定期的な模擬フィッシングメールのテストや、最新の攻撃手法についての情報共有を行うことで、社員のセキュリティ意識を高めることができます。
Webサイトのセキュリティ強化
自社のWebサイトが攻撃者に悪用されないよう、定期的なWebサイト脆弱性診断サービス
を実施することも重要です。攻撃者は、脆弱性のあるサイトを乗っ取って、フィッシングサイトのホスティングに利用することがあります。
VPNの活用
テレワークが増えている現在、公共のWi-Fiを利用する機会も多くなっています。VPN
を使用することで、通信内容を暗号化し、中間者攻撃によるパスワードやクレジットカード情報の盗聴を防ぐことができます。
被害に遭ってしまった場合の対処法
万が一フィッシング詐欺の被害に遭ってしまった場合は、以下の手順で迅速に対応しましょう:
- すぐにパスワードを変更:入力してしまったアカウントのパスワードをすぐに変更
- 金融機関に連絡:クレジットカードや銀行口座の情報を入力した場合は、直ちに金融機関に連絡してカードの停止や口座の凍結を依頼
- 警察に届出:最寄りの警察署またはサイバー犯罪相談窓口に届出
- 証拠の保全:メールや偽サイトのスクリーンショットなどの証拠を保存
まとめ:焦らず確認することが最大の防御
福島県警の黒須課長が述べているように、「個人情報の入力、クレジットカード情報や金融口座の情報を求められた場合、一度立ち止まってください。これは本当なのかと相談してもらうのが最大の防御になる。焦らず相談することを心がけてほしい」という言葉が、フィッシング詐欺対策の本質を表しています。

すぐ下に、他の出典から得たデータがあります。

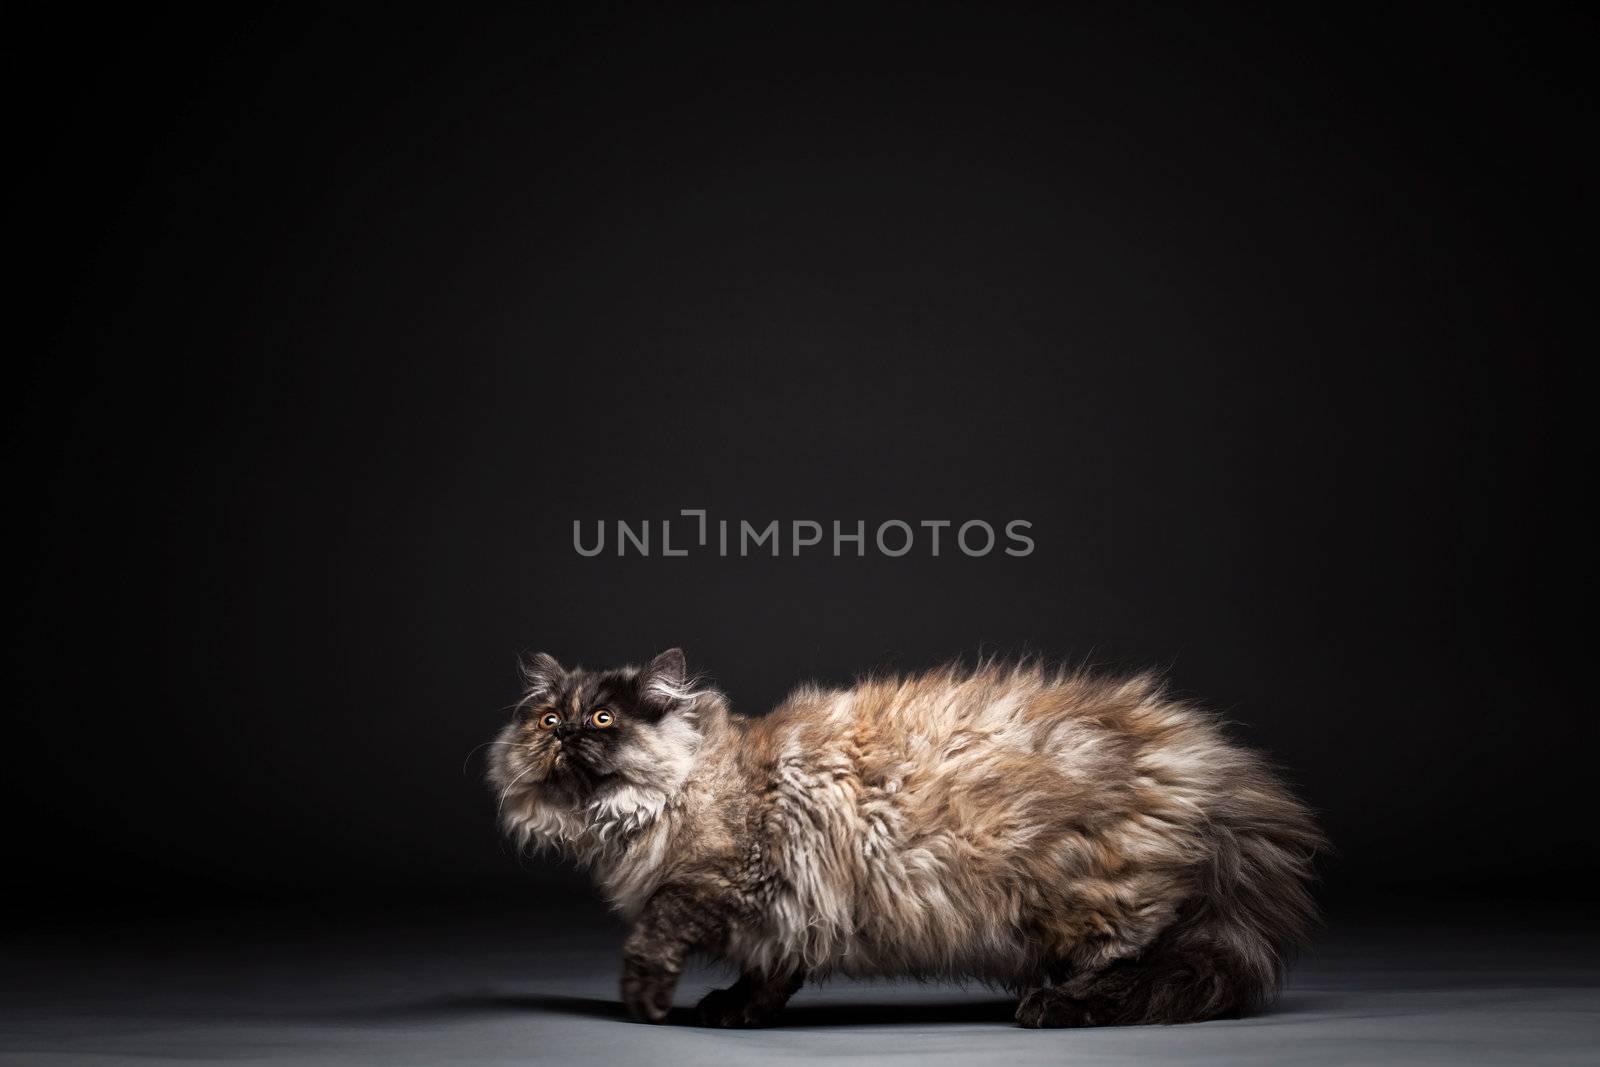 Chincilla Persial Cat by kokimk

現在のフィッシング詐欺は、見た目では判断がつかないほど巧妙になっています。しかし、URLの確認、緊急性を煽る文言への警戒、そして何より「一度立ち止まって確認する」という基本的な対応を徹底することで、被害を防ぐことができます。
デジタル社会が進歩する中で、私たち一人ひとりがセキュリティ意識を持ち、適切な対策を講じることが、安全なインターネット環境を維持するために不可欠です。